##### Recorded information
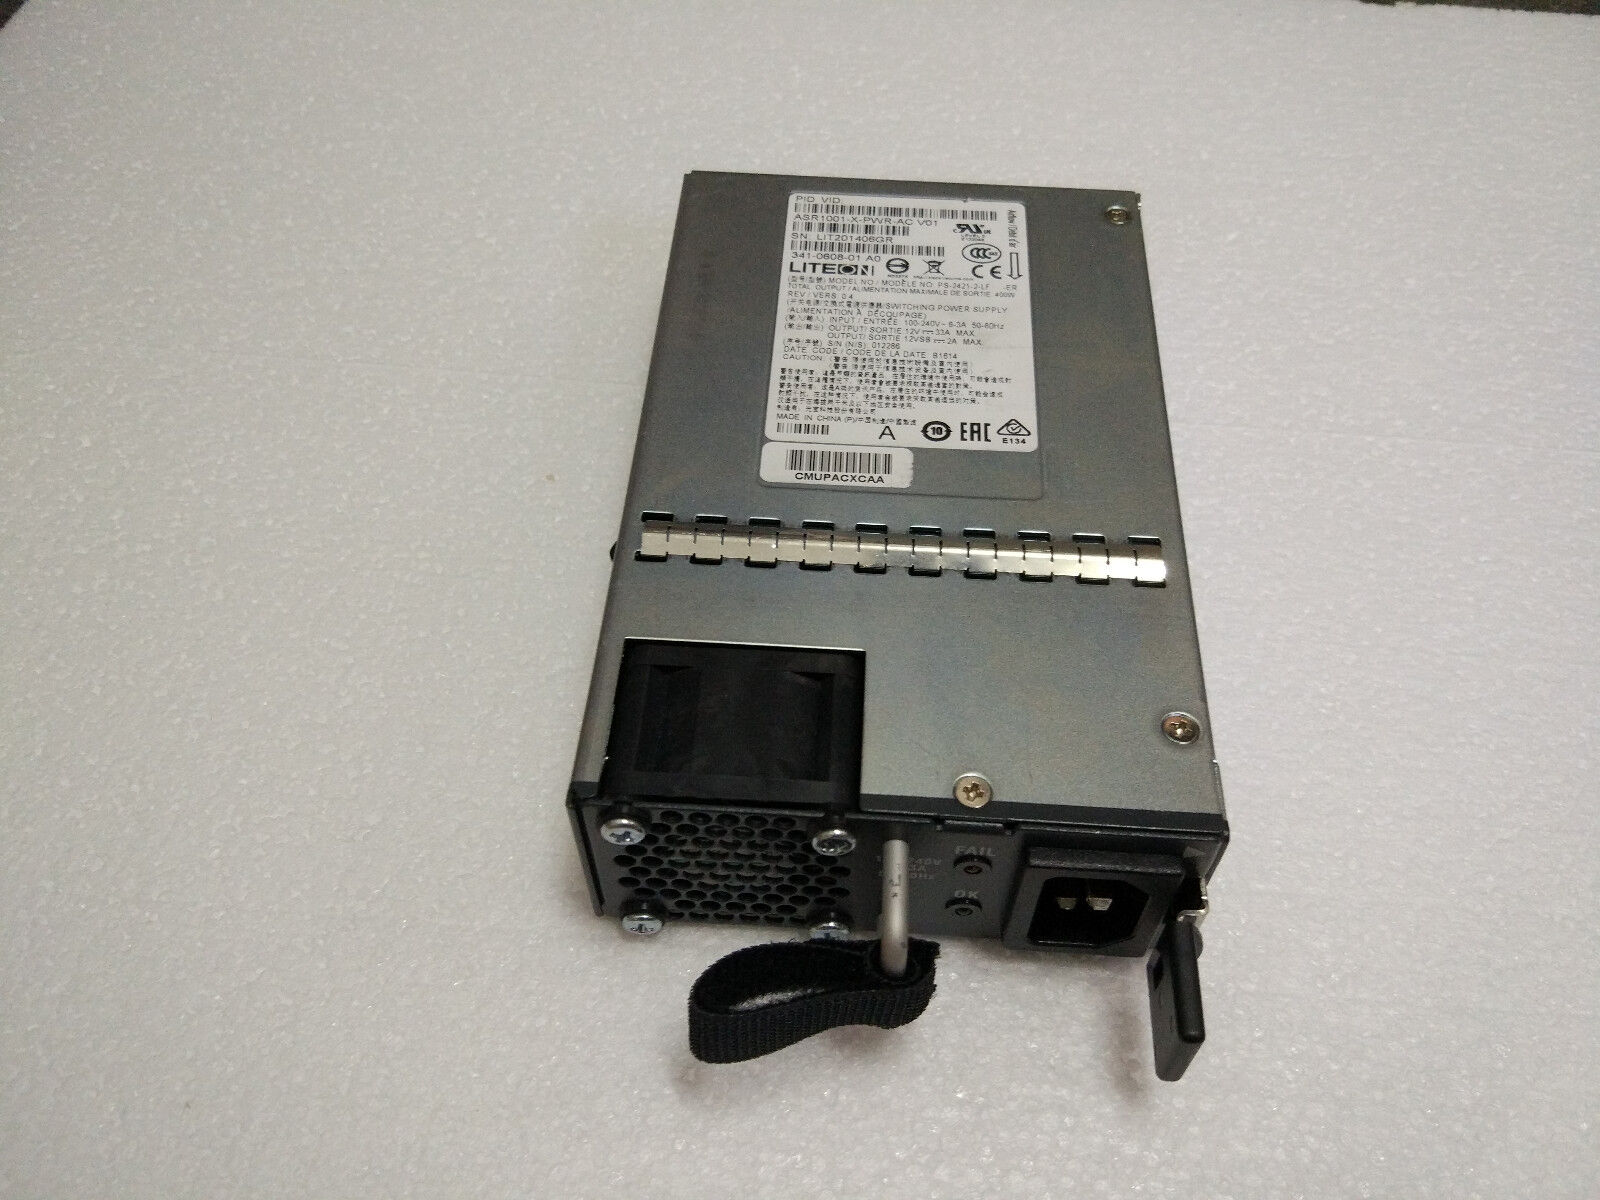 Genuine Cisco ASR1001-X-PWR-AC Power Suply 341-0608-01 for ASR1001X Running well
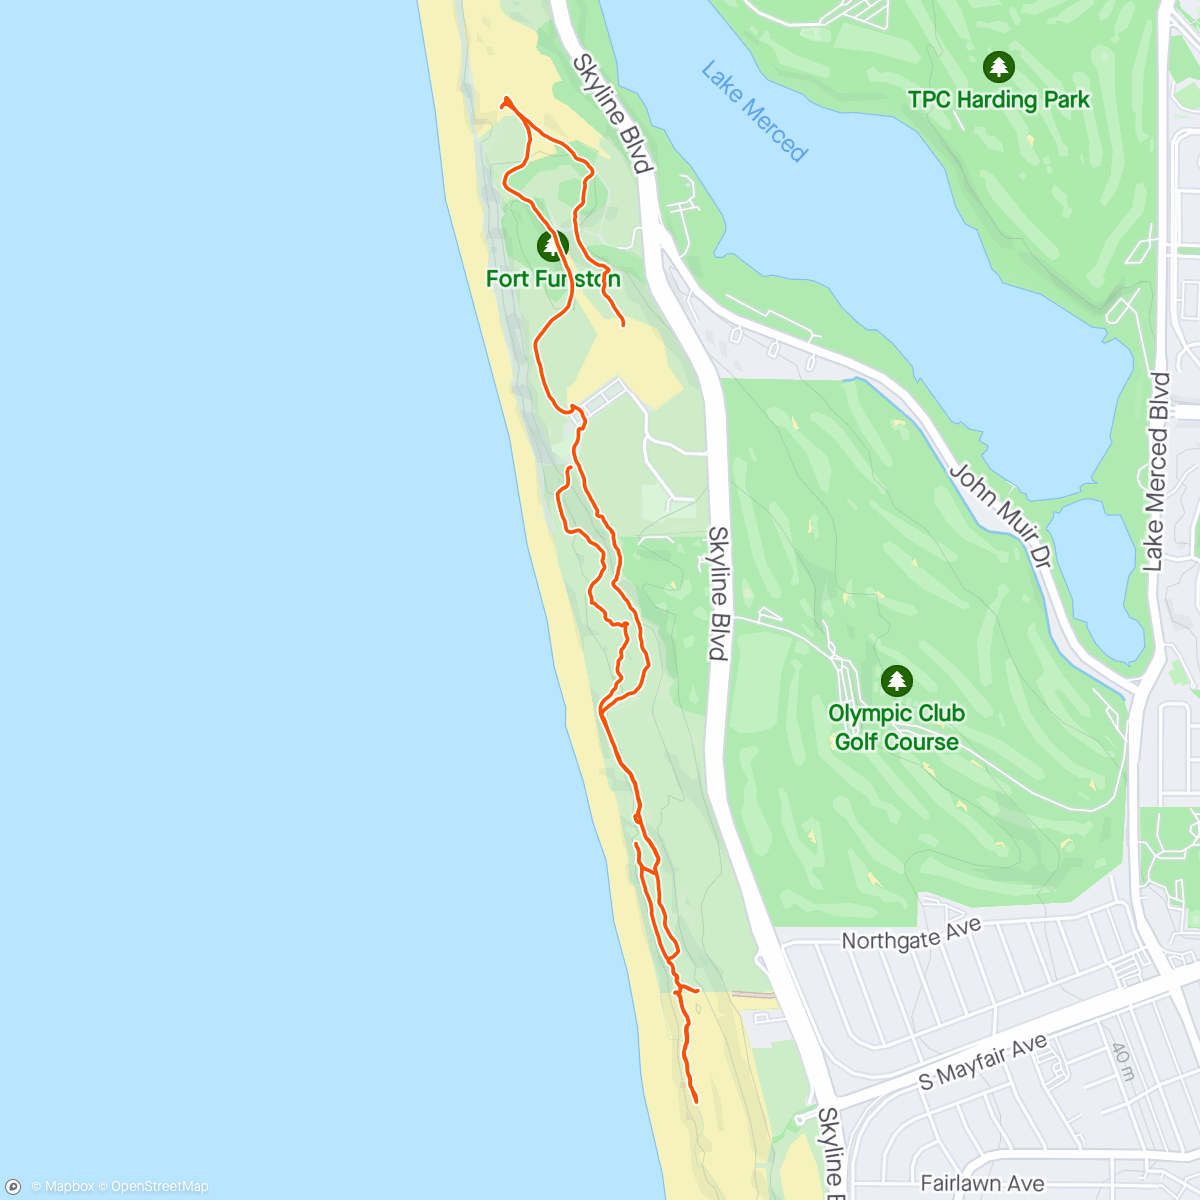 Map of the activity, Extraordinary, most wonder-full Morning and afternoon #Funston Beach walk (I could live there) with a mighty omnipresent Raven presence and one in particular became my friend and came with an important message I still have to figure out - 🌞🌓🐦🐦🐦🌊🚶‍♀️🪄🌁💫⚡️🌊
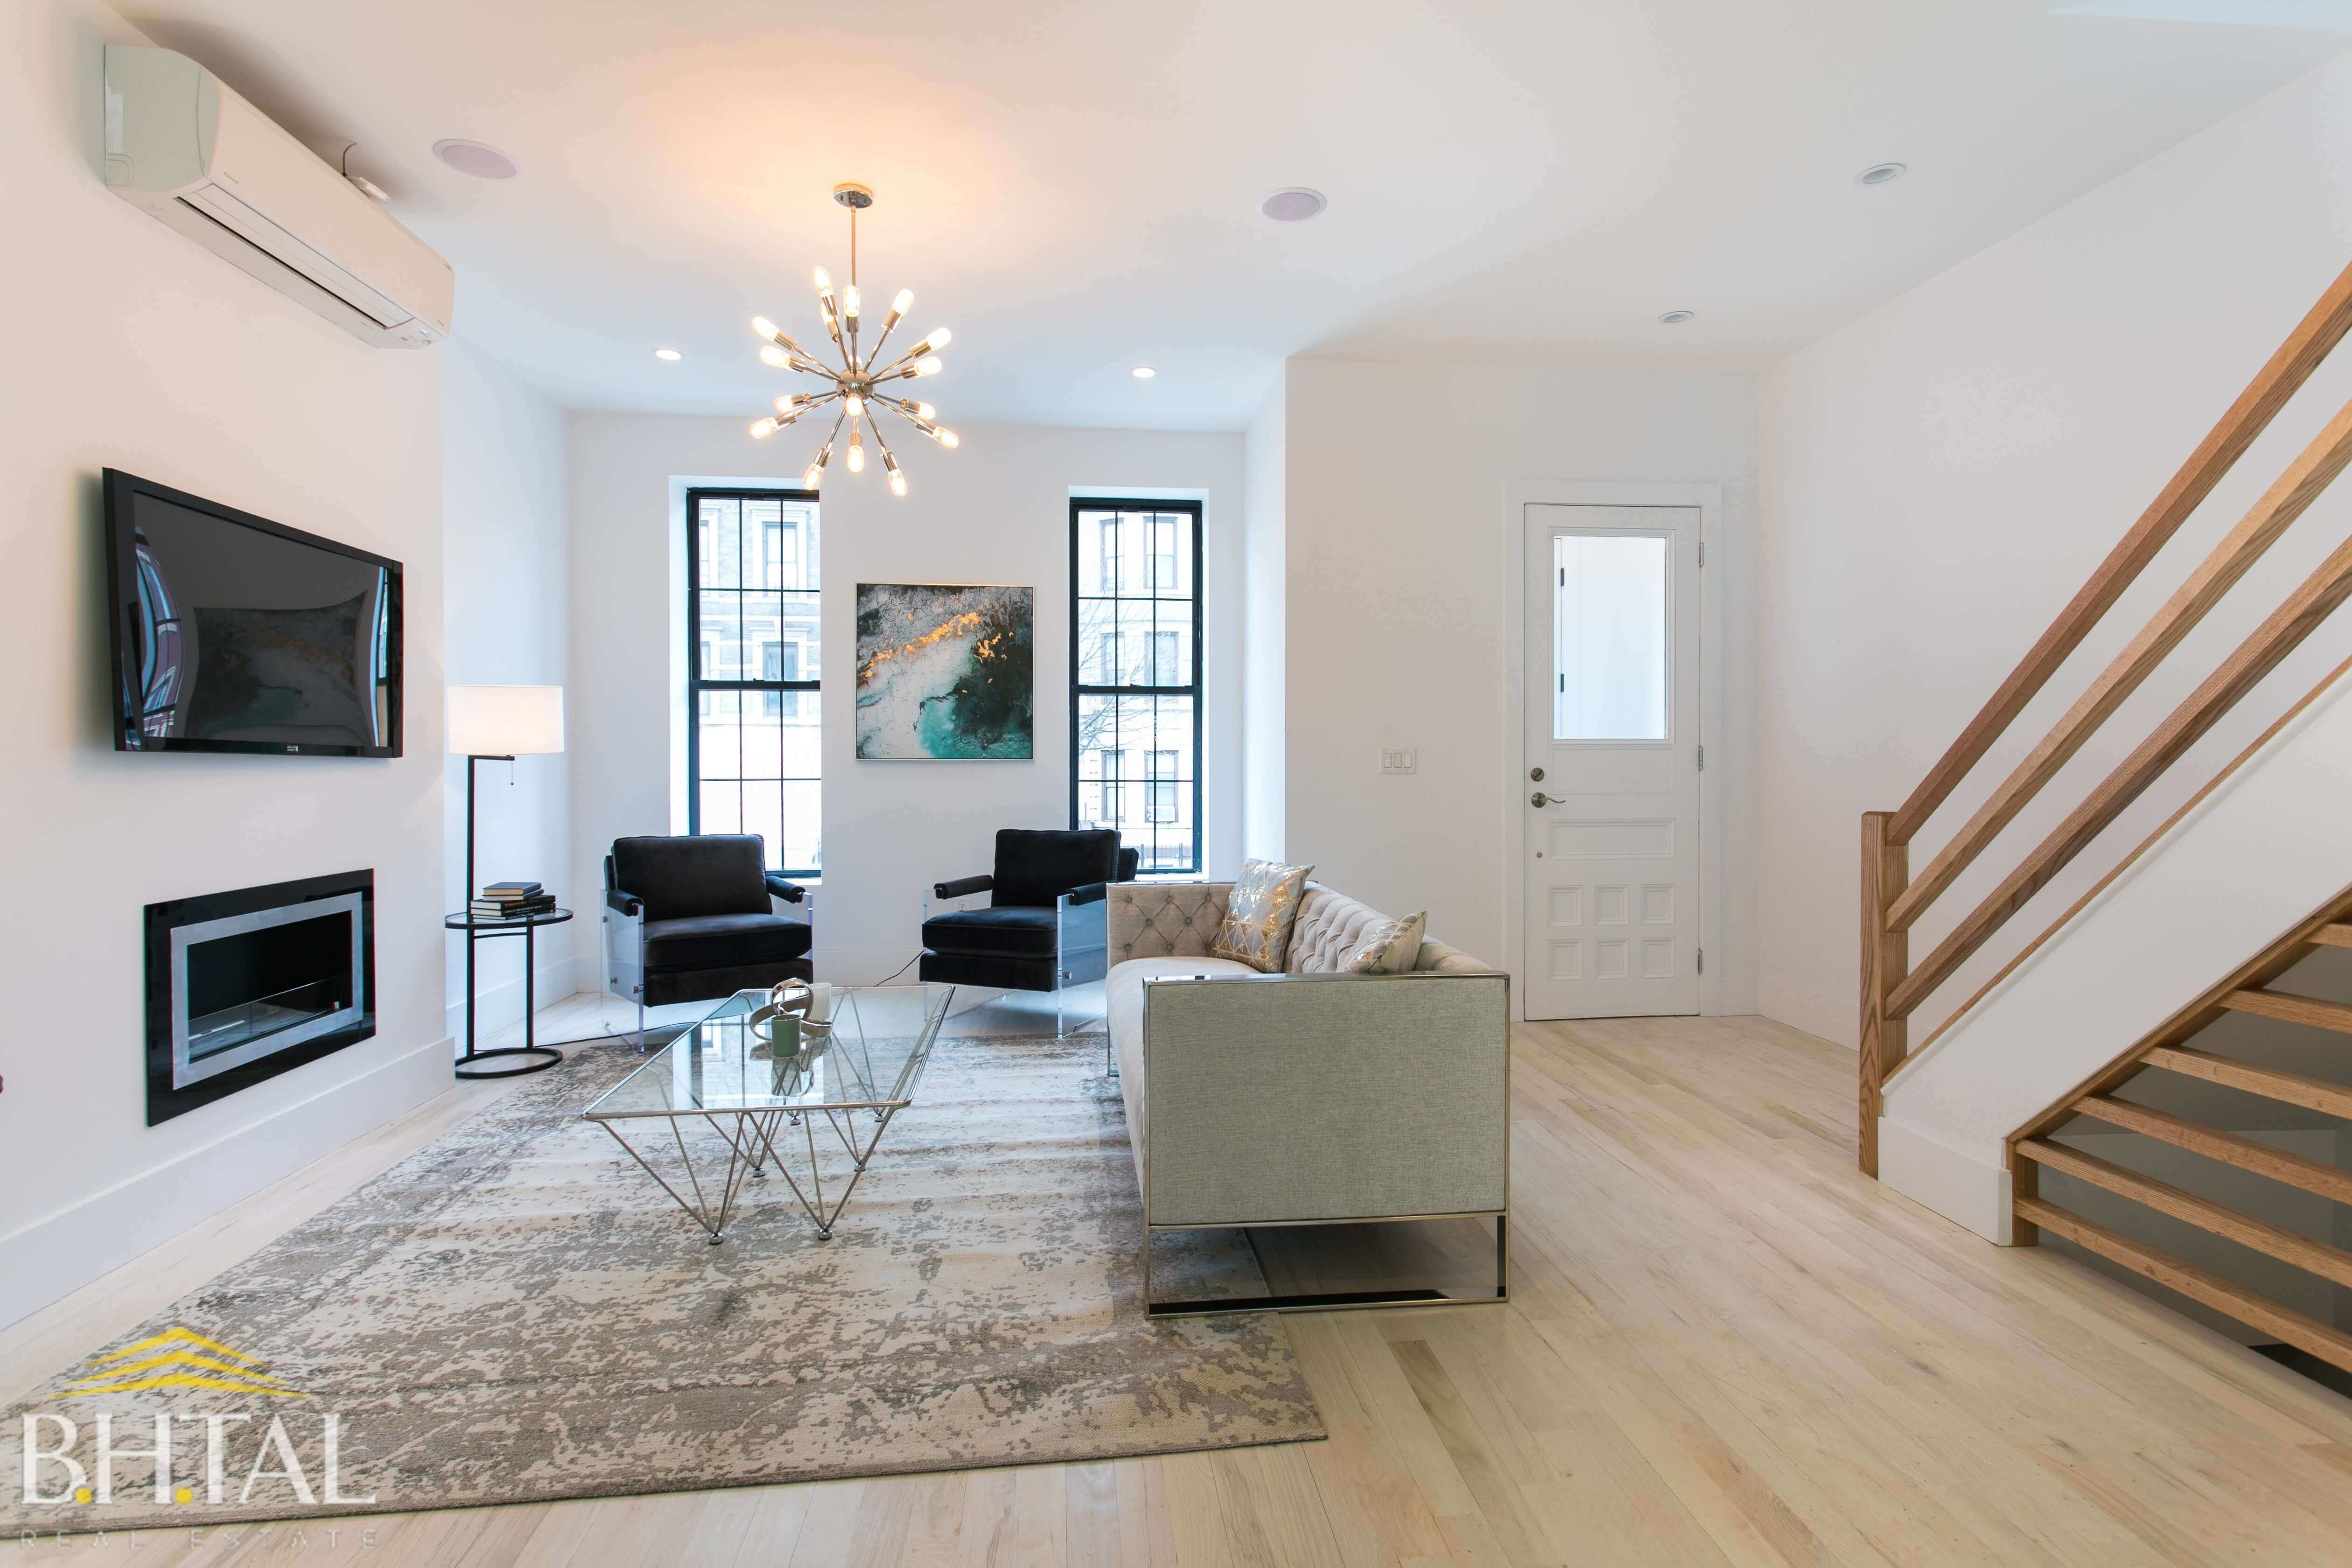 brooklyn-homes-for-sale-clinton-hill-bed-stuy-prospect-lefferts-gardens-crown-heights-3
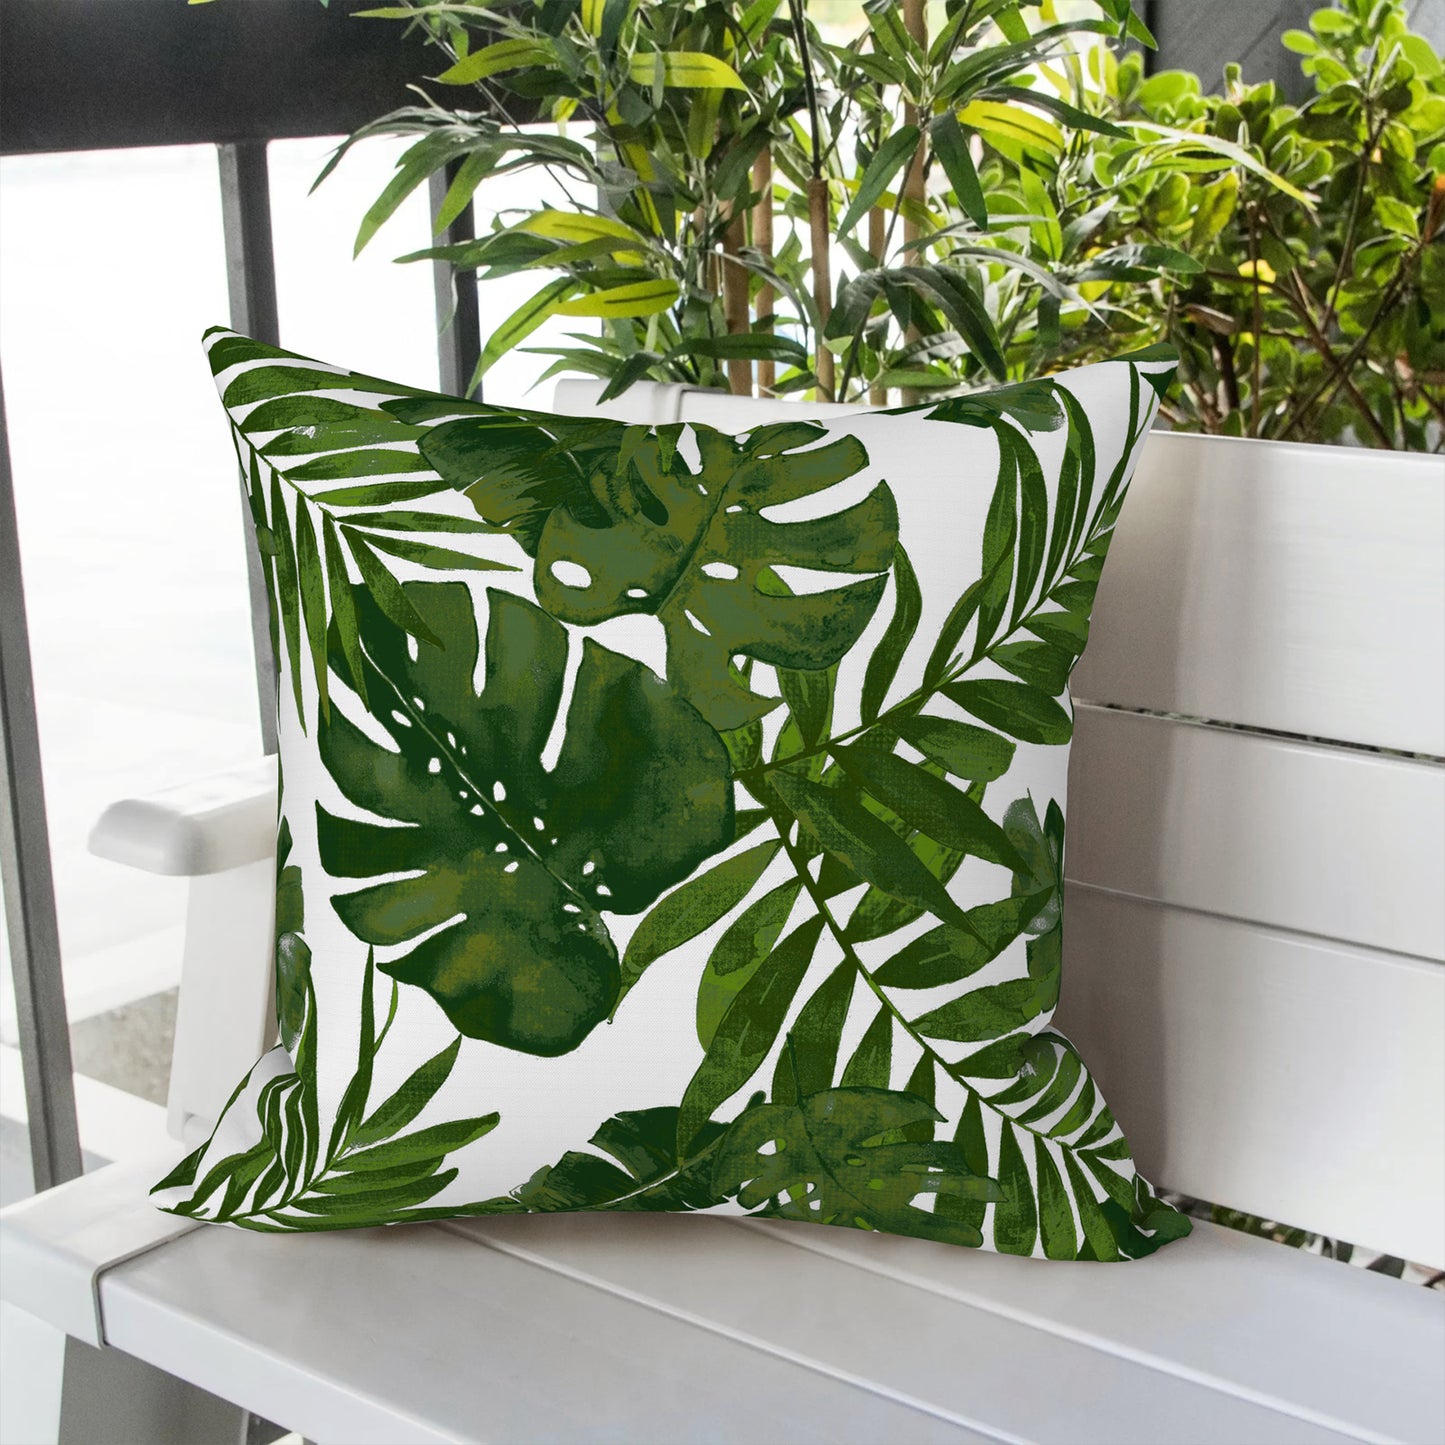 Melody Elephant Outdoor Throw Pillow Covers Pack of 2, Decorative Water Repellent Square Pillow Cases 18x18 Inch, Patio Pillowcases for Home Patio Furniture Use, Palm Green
##########
▶ _Instructions for the task_
Would you return the whole listing exactly, without the pictures?

▶ _Solution below_
 Genuine Cisco ASR1001-X-PWR-AC Power Suply 341-0608-01 for ASR1001X Running well
 Map of the activity, Extraordinary, most wonder-full Morning and afternoon #Funston Beach walk (I could live there) with a mighty omnipresent Raven presence and one in particular became my friend and came with an important message I still have to figure out - 🌞🌓🐦🐦🐦🌊🚶‍♀️🪄🌁💫⚡️🌊
 brooklyn-homes-for-sale-clinton-hill-bed-stuy-prospect-lefferts-gardens-crown-heights-3
 Melody Elephant Outdoor Throw Pillow Covers Pack of 2, Decorative Water Repellent Square Pillow Cases 18x18 Inch, Patio Pillowcases for Home Patio Furniture Use, Palm Green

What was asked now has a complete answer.